Вся символика моих снов полна всё той же странно-светлой грустью – всё те же деревья, удивительные и прекрасные, осеняют дома и города без улиц, где таится моя конечная цель.
Почему-то именно в это время года мне особенно не хватает Алексея, и я всё с новой силой чувствую его уход.

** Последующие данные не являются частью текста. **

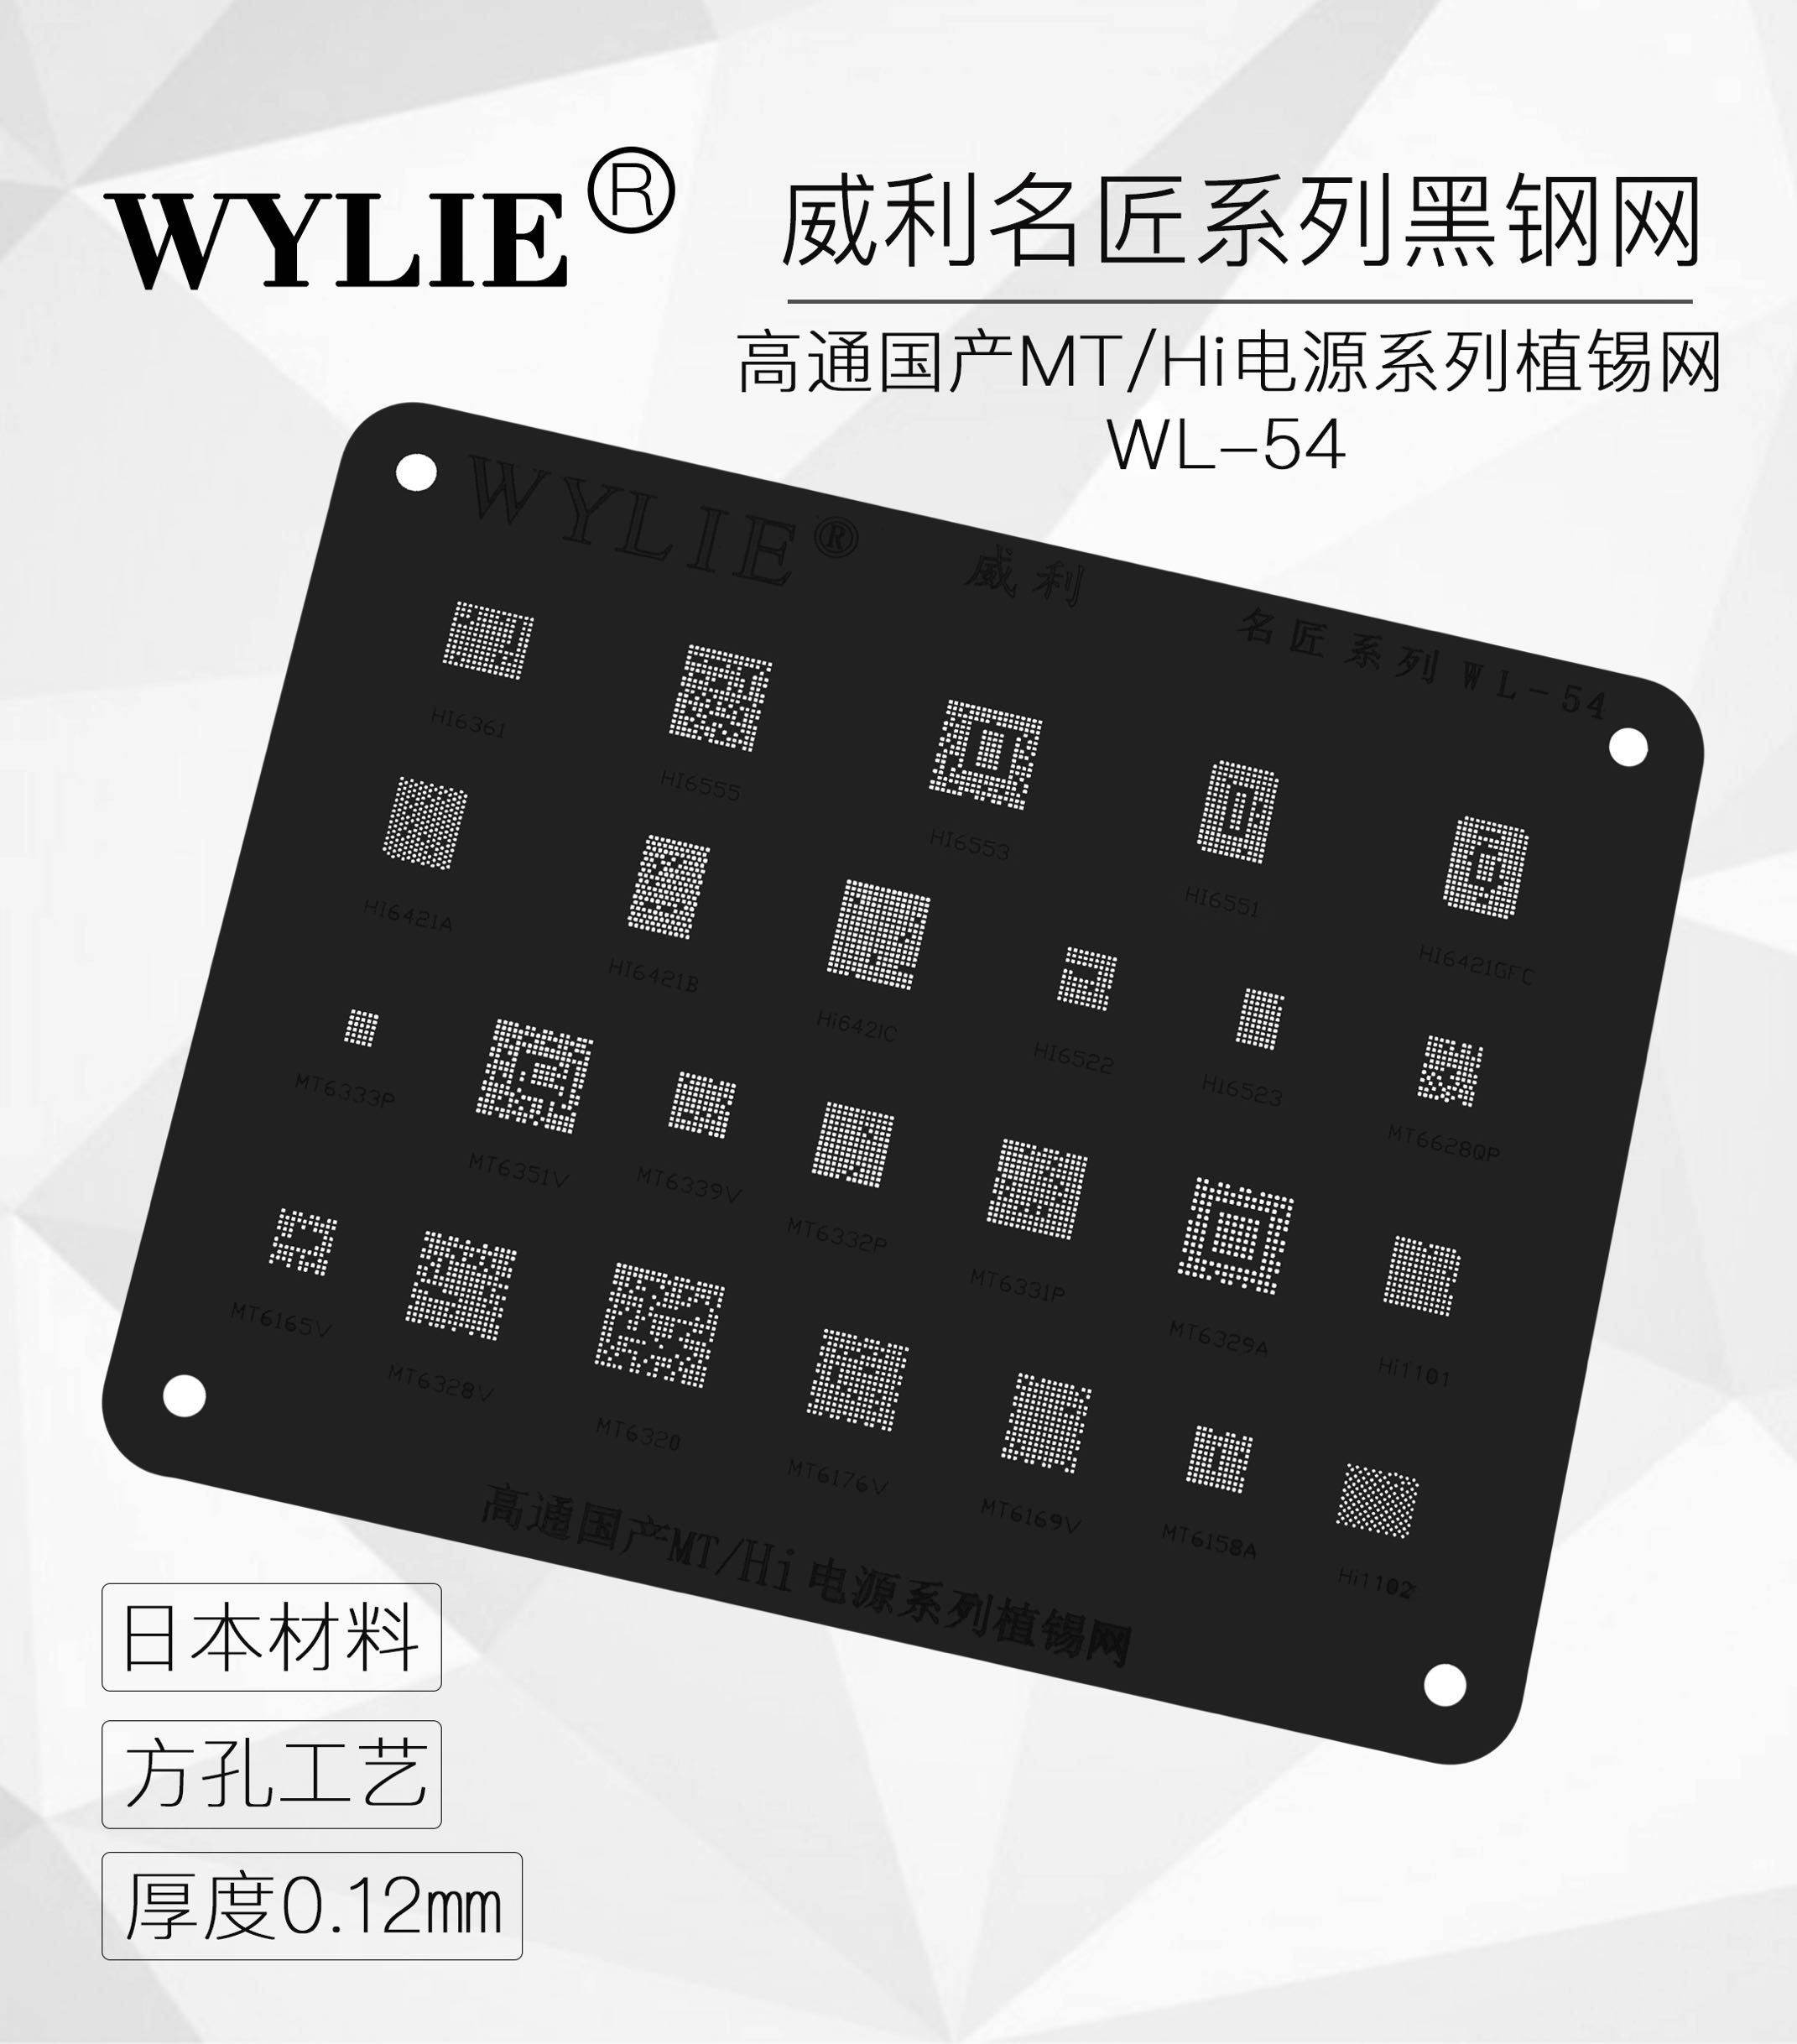 Wylie BGA Reballing Stencil for HI1102 MT6158A MT6169V MT6328V MT6320 MT6165V MT6333P Power WiFi IC Chip 1

Что-то вспомнилась сегодня одна милая привычка нашей с ним жизни. Он часто перед сном любил импровизировать мне маленькие, фантастические новеллы. Началось это всё с забавных, полудетективных приключений английского профессора, носившего почему-то имя «мистер Бизнес». Он изобрел такую машину, которая позволяла ему жить не только в будущем, но и в прошлом. В этом прошлом он разгадывал и распутывал разные таинственные загадки истории и человеческих судеб. К моему стыду, я почти все их позабыла вследствие особенности своей памяти – я плохо помню сюжет. И в стихах, и в прозе помню аромат, стиль, тайну и ауру вещи с необыкновенной стойкостью ощущения.
Из всех этих многосерийных импровизаций я особенно запомнила одну. Однажды мистер Бизнес через время и туманы Парижа проник и приблизился к дому Шопена. За стеклом двери он увидел и услышал, как Шопен сочиняет неведомое потомкам произведение. Записал, затем разорвал и выбросил листки в окно. Их умчал ветер, и мистер Бизнес бросился их собирать. Он собрал их почти все, кроме последних четырех тактов. Долго и тщетно их ищет неутомимый профессор, чтобы полностью открыть своим современникам утраченный шедевр.
Когда Козлик кончил рассказывать эту новеллу, я спросила: а что слышал Бизнес, когда играл Шопен? Тогда он встал и сыграл мне на рояле очаровательную пьесу – без конца. Вот так, вместо рисунка, новелла получила музыкальную иллюстрацию.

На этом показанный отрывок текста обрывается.